The Ban on Womens Soccer Game
The crowd numbers and media attention at this legendary women’s match caused a lot of tribulation. Rumors began to spread that women were getting paid to play soccer. The idea that women could play soccer professionally caused public outrage, especially amongst men.
In 1921, the Football Association of England (the FA) banned women from playing and having access to club facilities. They deemed that the game was ‘unsuitable for females’ and ‘should not be encouraged.’ The ban completely crushed women’s football. It took an astonishing 50 years for the ban to finally be lifted.
In 1971, the same year that the ban ended, the first National Cup for Women, known as the Mitre Challenge Trophy, was held in England. This competition later morphed into what is known today as the Women’s FA Cup.
Women’s Soccer Today
Since the ban ended, women’s soccer has continued to grow exponentially. There are currently 29 million women and girls playing soccer worldwide, with this number set to increase.
Globally, there are 176 national teams and several women’s professional leagues that continue to strengthen.
In the UK, viewing figures for the Women’s Super League (WSL) are set to shoot up by more than 350 percent annually, thanks to new broadcast deals for the 2021/22 season.
National Women’s Soccer League (NWSL)
In the United States, the National Women’s Soccer League or the NWSL broke viewership records by almost 300 percent in the 2020 season. This boost of spectators was likely helped by partnerships formed between the league and viewing platforms such as CBS Sports and Twitch.
Over the coming years, it is expected that there will be more investment in the women’s soccer game. This injection of interest will only help to attract more visibility and sponsorships.
FIFA Women’s World Cup
The FIFA Women’s World Cup has undoubtedly been a massive influence in promoting and expanding women’s soccer.
With each successive Women’s World Cup, the viewing numbers climb. The 2019 FIFA Women’s World Cup in France surpassed 1.12 billion viewers, making it the most prominent women’s sporting event globally.
This event, held every four years, brings together the best women’s soccer players from all over the globe, whose performances are inspirational to future generations.

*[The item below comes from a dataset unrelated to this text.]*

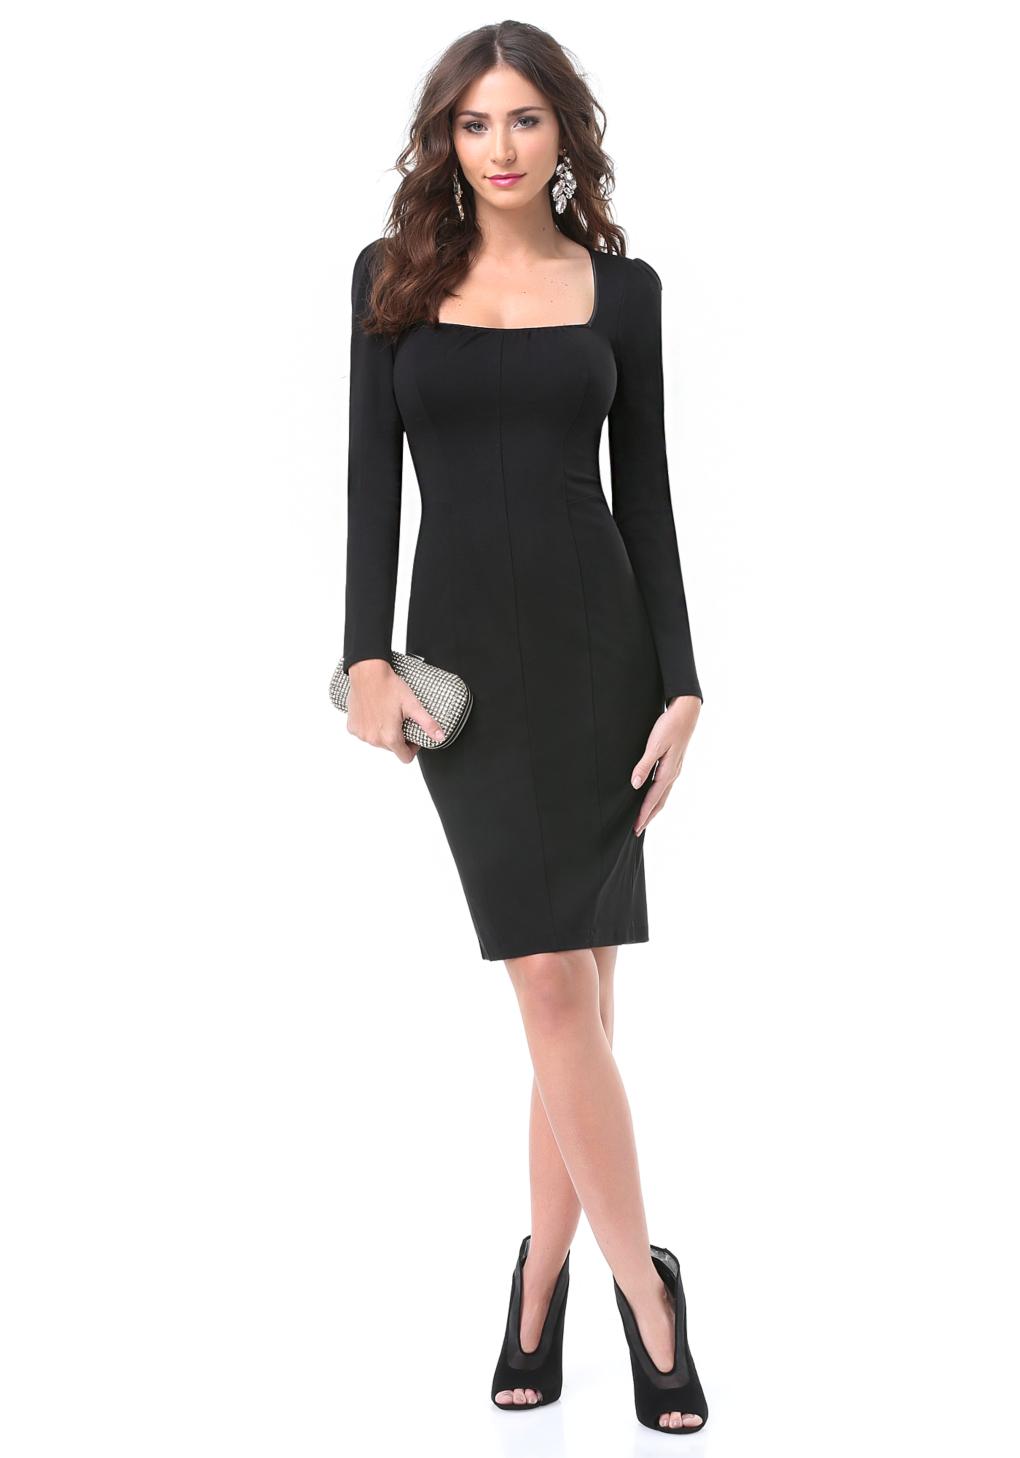 Dress Square Double Thai 100 Viscose: Bebe Reyna Square Neck Dress In Black

Who is the Best Female Soccer Player?
Arguably, one of the most exciting female soccer players to watch is Marta, a legendary player from Brazil. Marta has won the FIFA World Player of the year/Best FIFA Women’s Player six times. She also holds the record for scoring the most goals in Women’s World Cup history, hitting the back of the net 17 times.
Another iconic figure in women’s soccer is Mia Hamm, who starred at the first-ever Women’s World Cup held in 1991. She is considered by many to be the best US soccer player of all time. Her career in the USWNT spanned 17 years and saw her win two world cups and two gold medals at the 1996 and 2004 Olympics.

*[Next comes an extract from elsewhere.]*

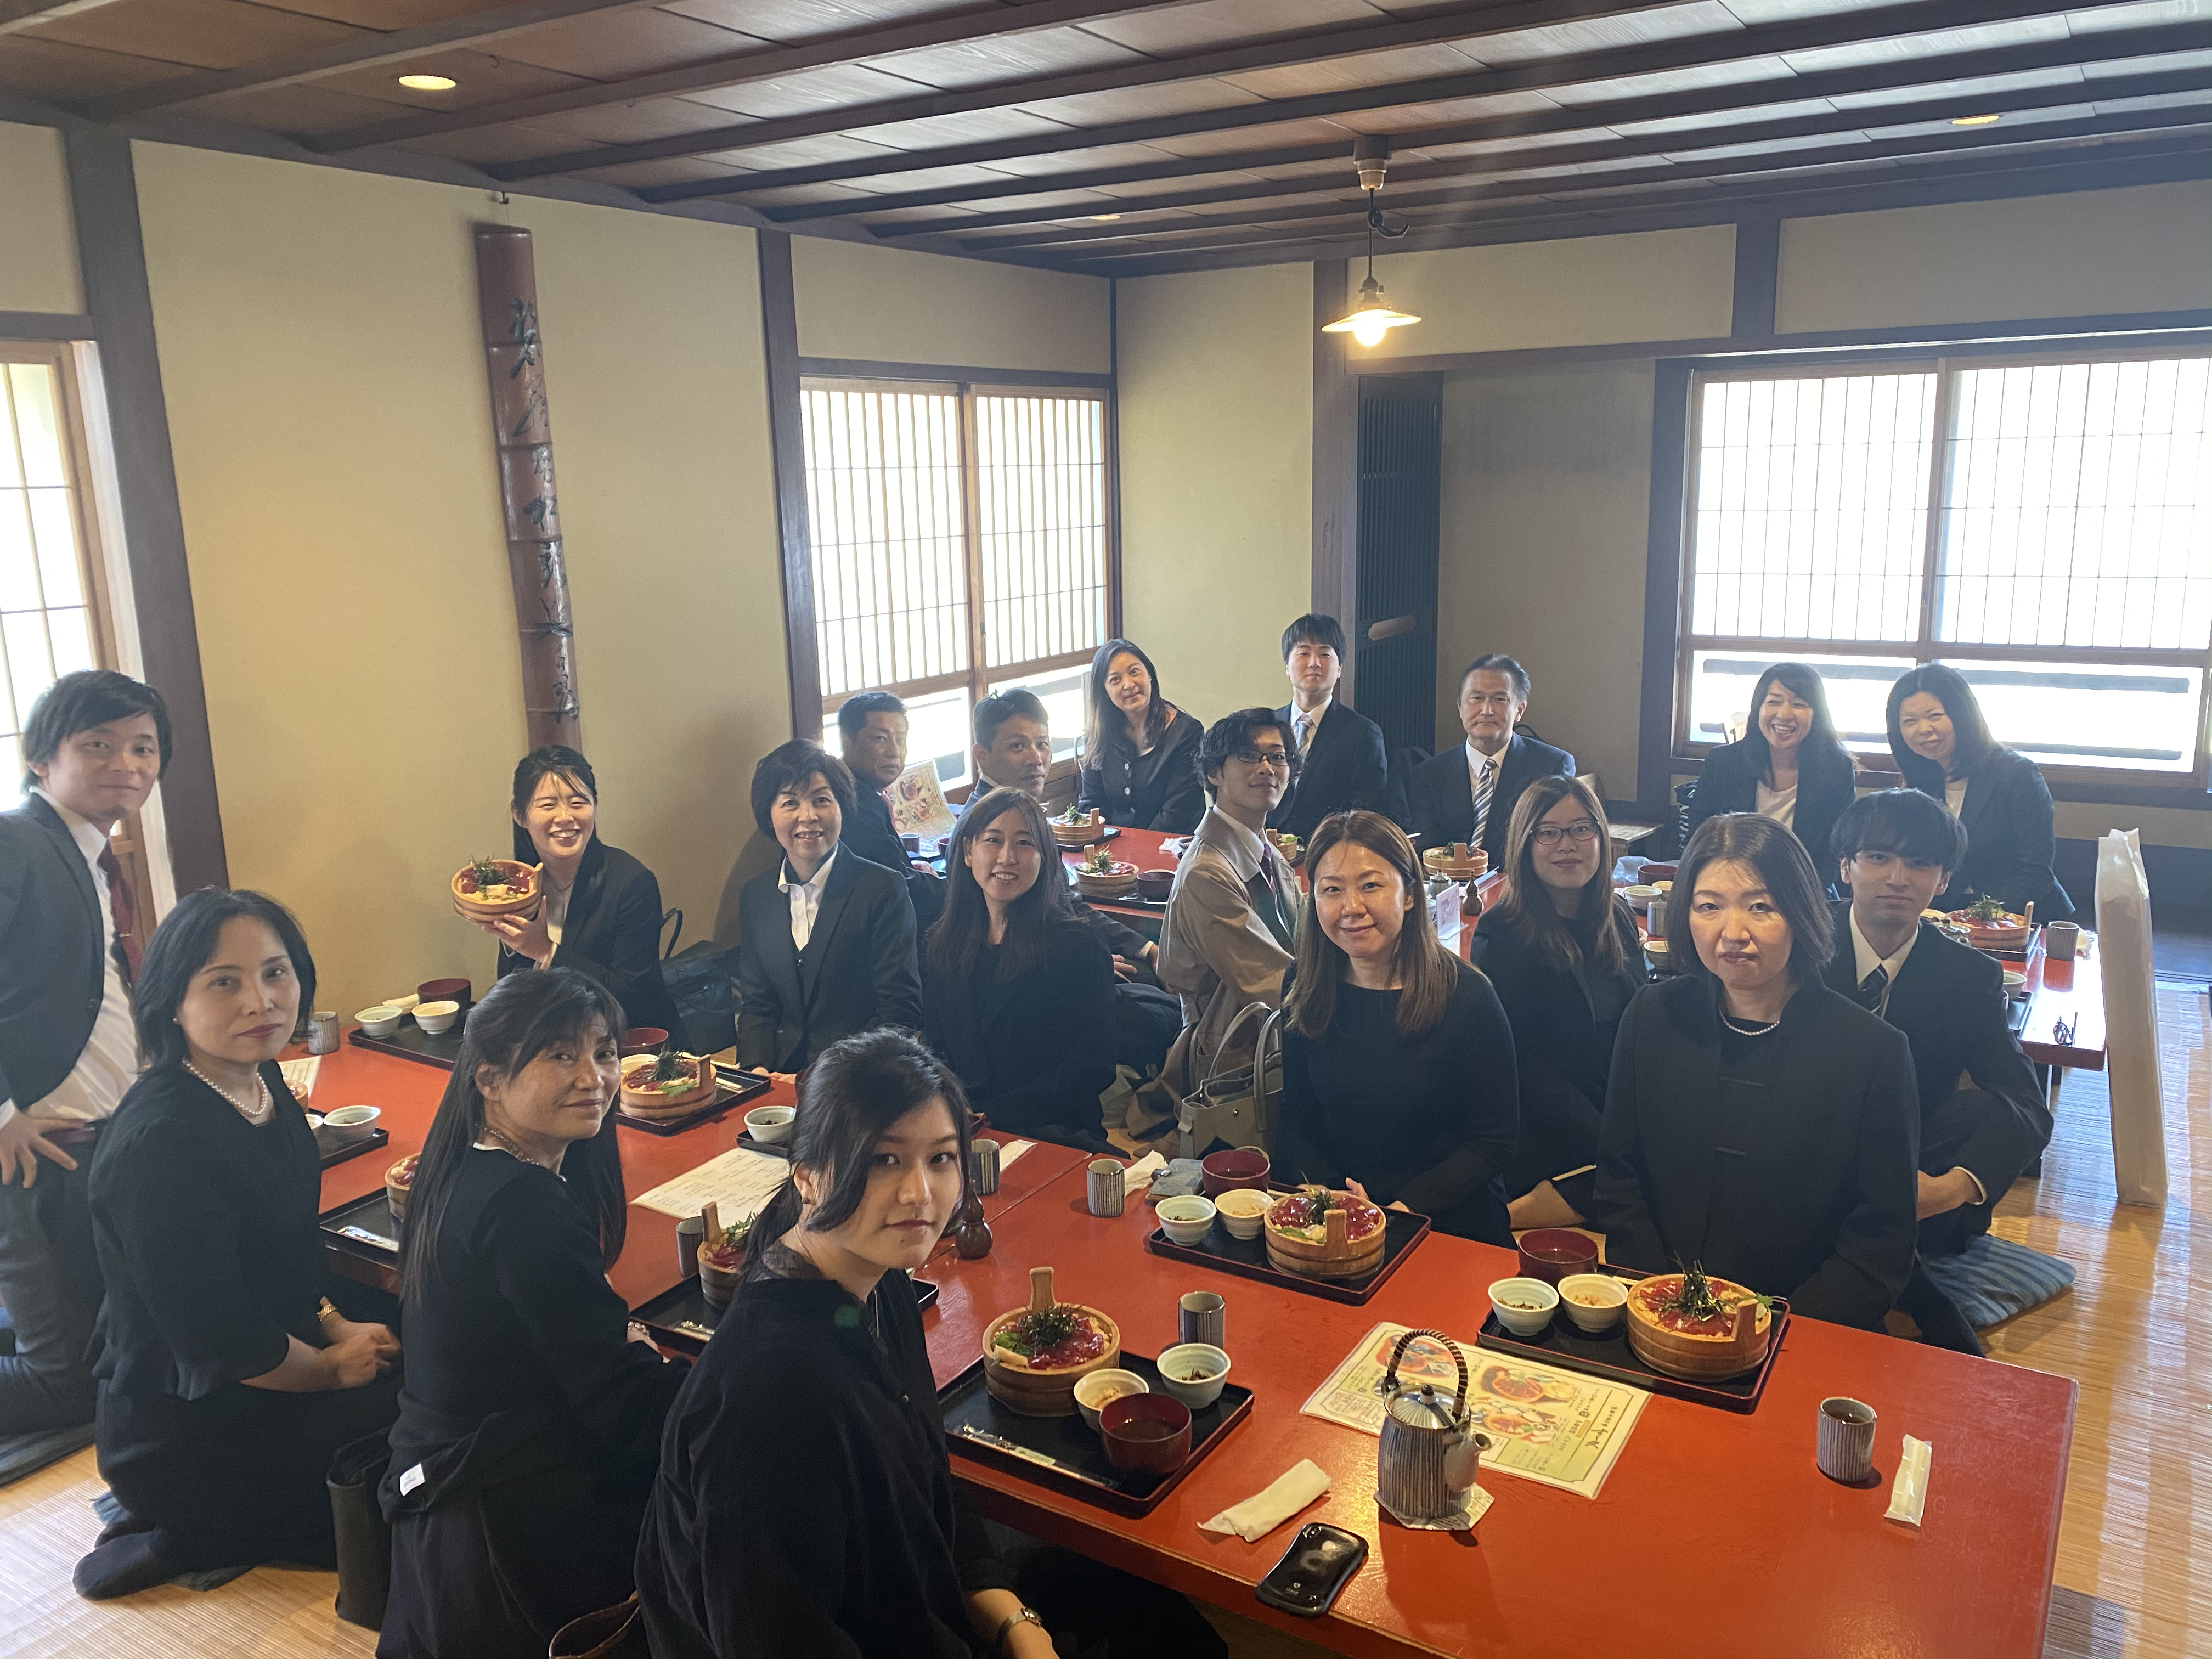 伊勢神宮参拝の食事風景

Best US women’s soccer players include Abby Wambach, Alex Morgan, Carli Lloyd, and Megan Rapinoe.
In fact, most of the United States Women’s Soccer Team have become household names. The US national team has a long history as being, arguably, the best women’s soccer team in the world.
Check out other articles on women soccer players.
US Women’s Soccer (USWNT)
The USA World Cup History dates back to the inaugural FIFA Women’s World Cup in 1991, where they first stamped their dominance, beating Norway 2-1 in the finals.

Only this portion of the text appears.